Ultimately, Murray served a little less than two years in prison before being released in late October of 2013. His release was granted on account of both prison overcrowding in California and his demonstrated good behavior.
Other Legal and Financial Troubles
Even before his criminal case for the death of Michael Jackson, Murray was involved in a number of legal troubles. He was a defendant in multiple civil lawsuits, and by 2008 had amassed more than $600,000 in court judgments against him for medical equipment and unpaid rent for his personal practices. Further, Murray was on the brink of losing his medical license in California due to unpaid child support. He filed for bankruptcy in the state in 2002.

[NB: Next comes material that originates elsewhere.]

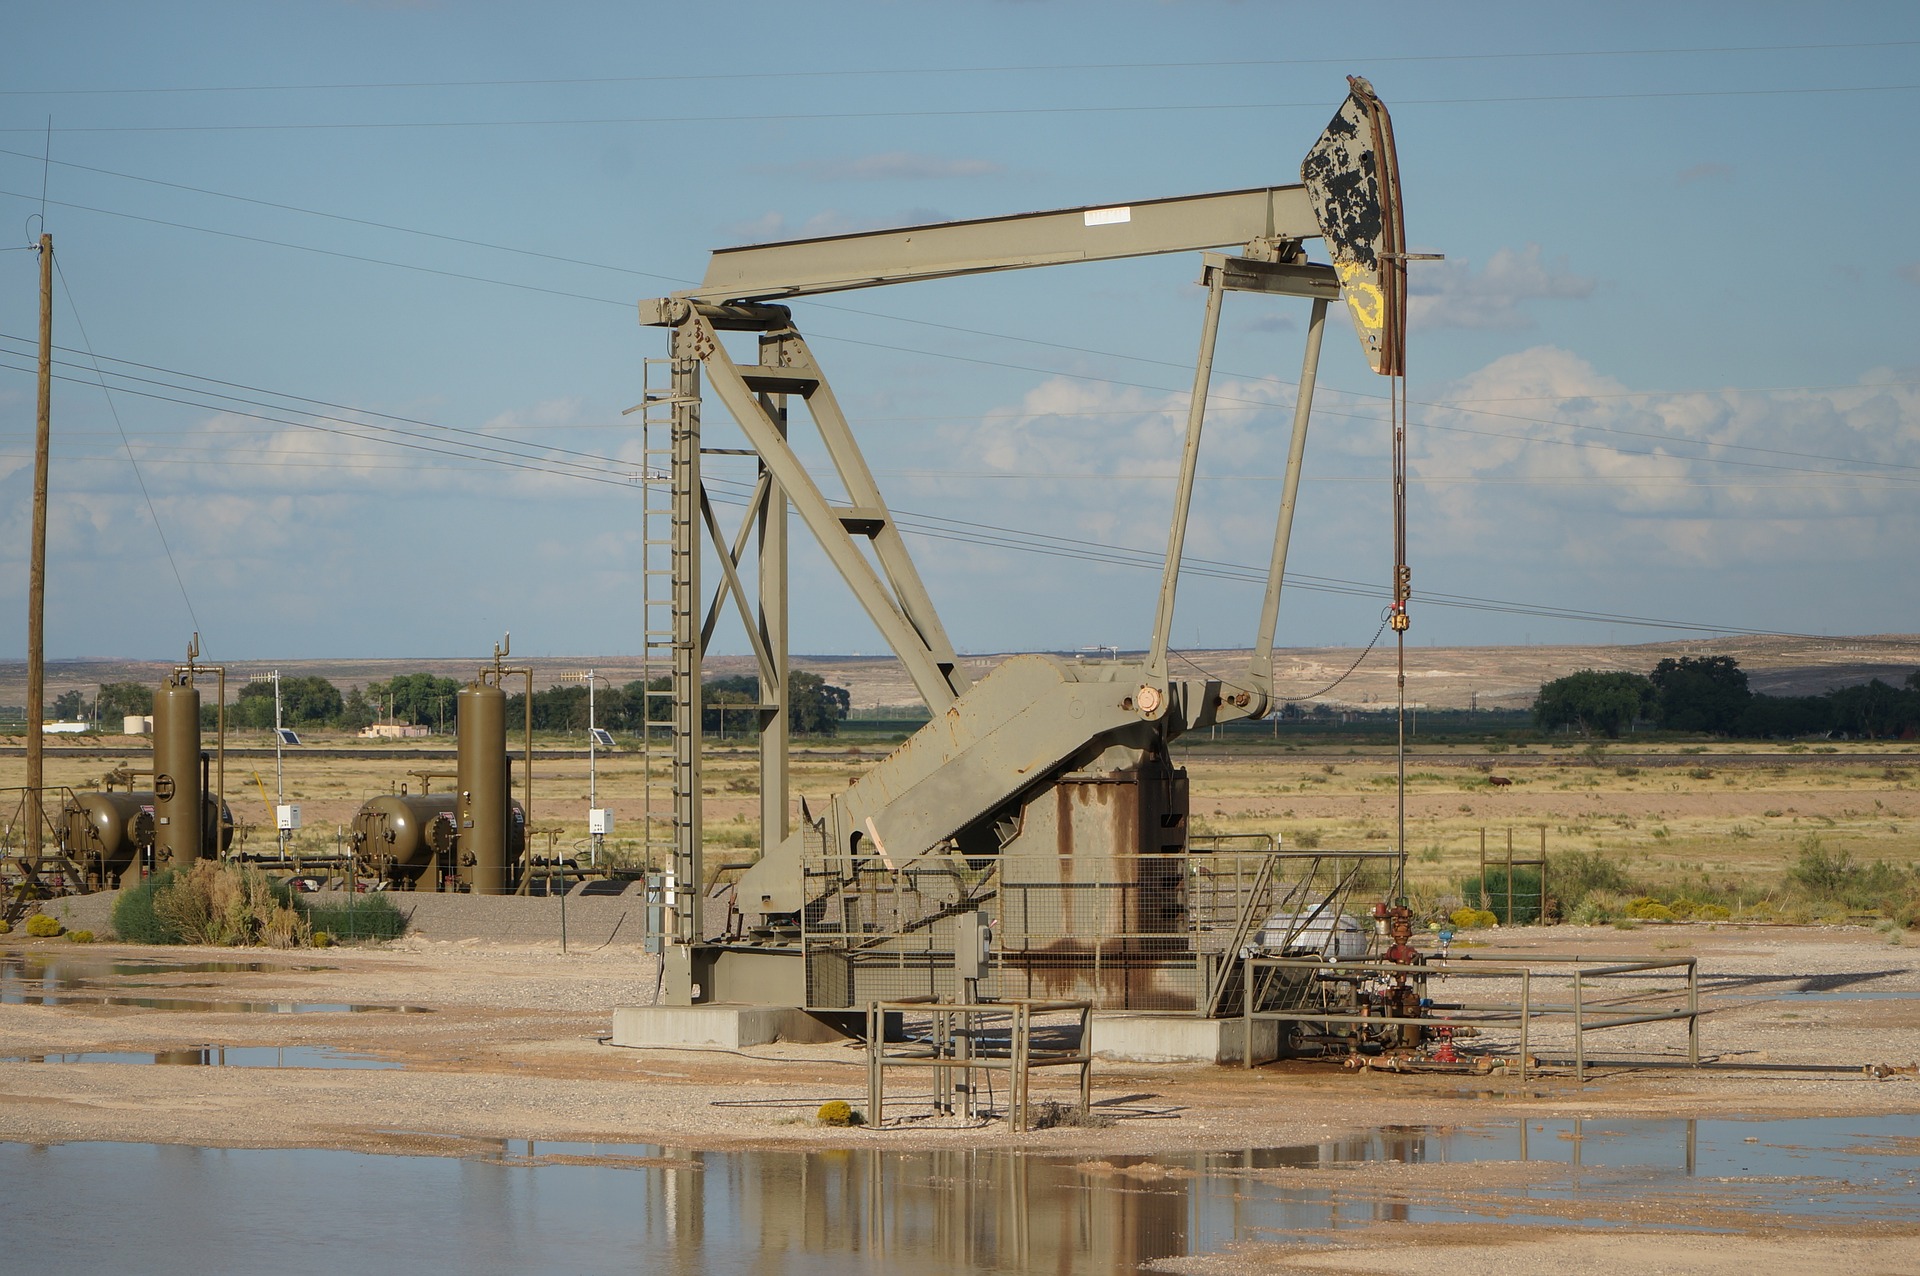 An oil pump standing in a flat desert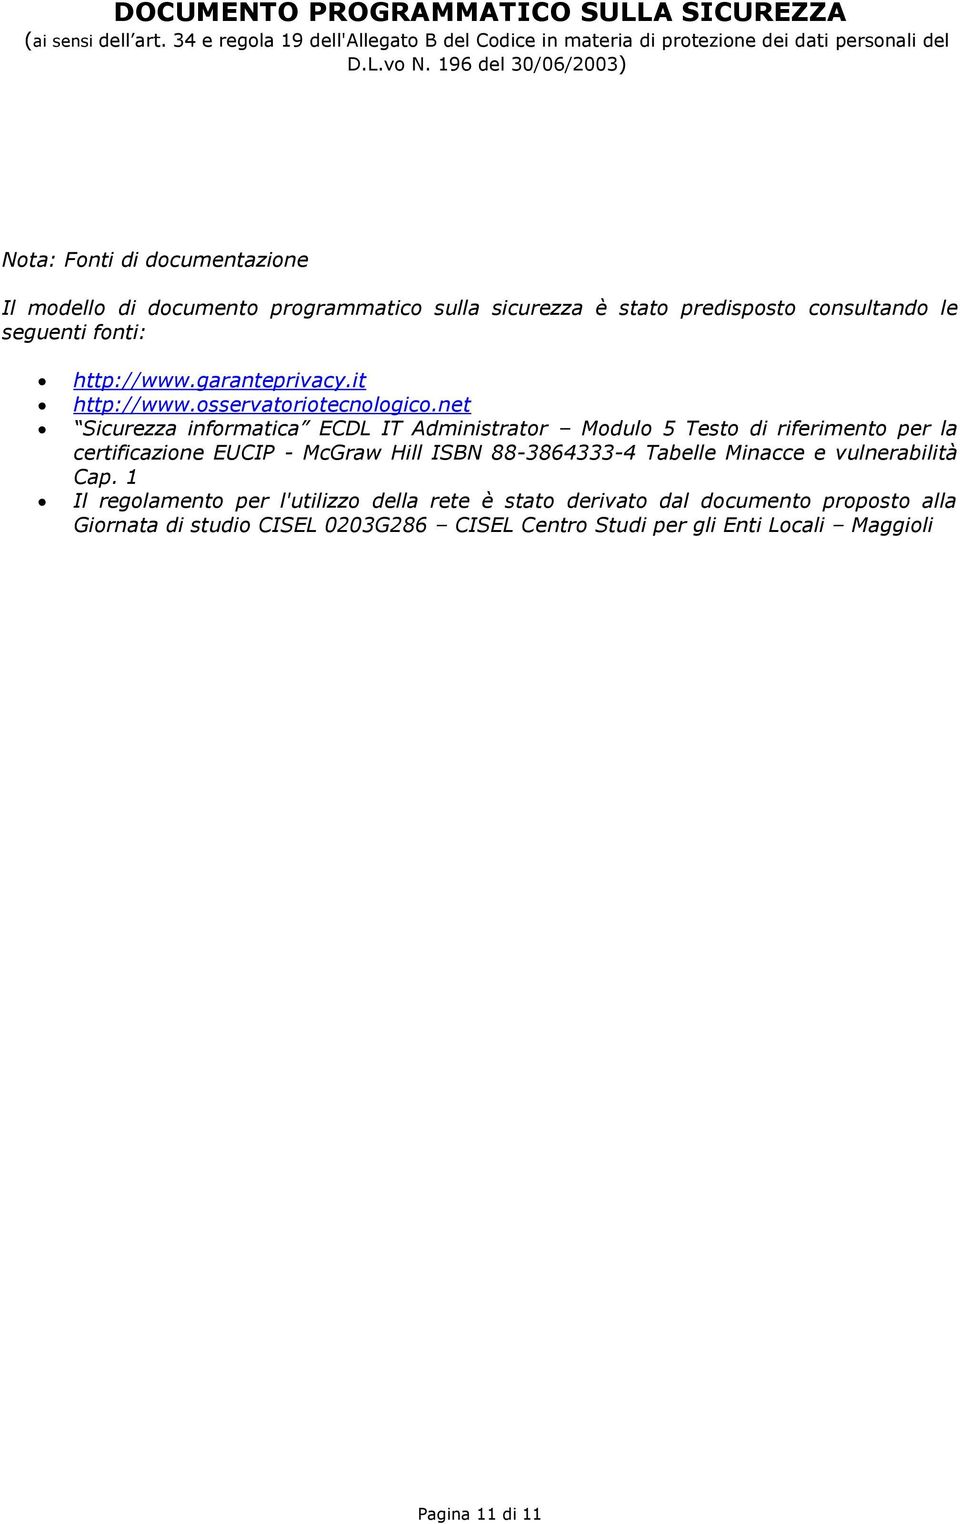 net Sicurezza informatica ECDL IT Administrator Modulo 5 Testo di riferimento per la certificazione EUCIP - McGraw Hill ISBN 88-3864333-4

Before his criminal conviction in 2011, Murray was sued by Jackson’s father Joe in a wrongful death suit. However, the case was dropped in 2012.
Over the years, Murray reportedly had seven children by six different women, only some of whom he was married to. While wed to his second wife, fellow medical school alum Blanche, he was dating and paying the rent for a stripper named Nicole Alvarez. Murray and Alvarez had a son named Che. Among his other relationships, Murray was reportedly seeing a Houston cocktail waitress.
Murray’s sundry dalliances and offspring caused him many problems, as he owed child support to the mothers of his children out of wedlock. He was also in arrears on the mortgage of the Las Vegas home where his first wife and their children lived.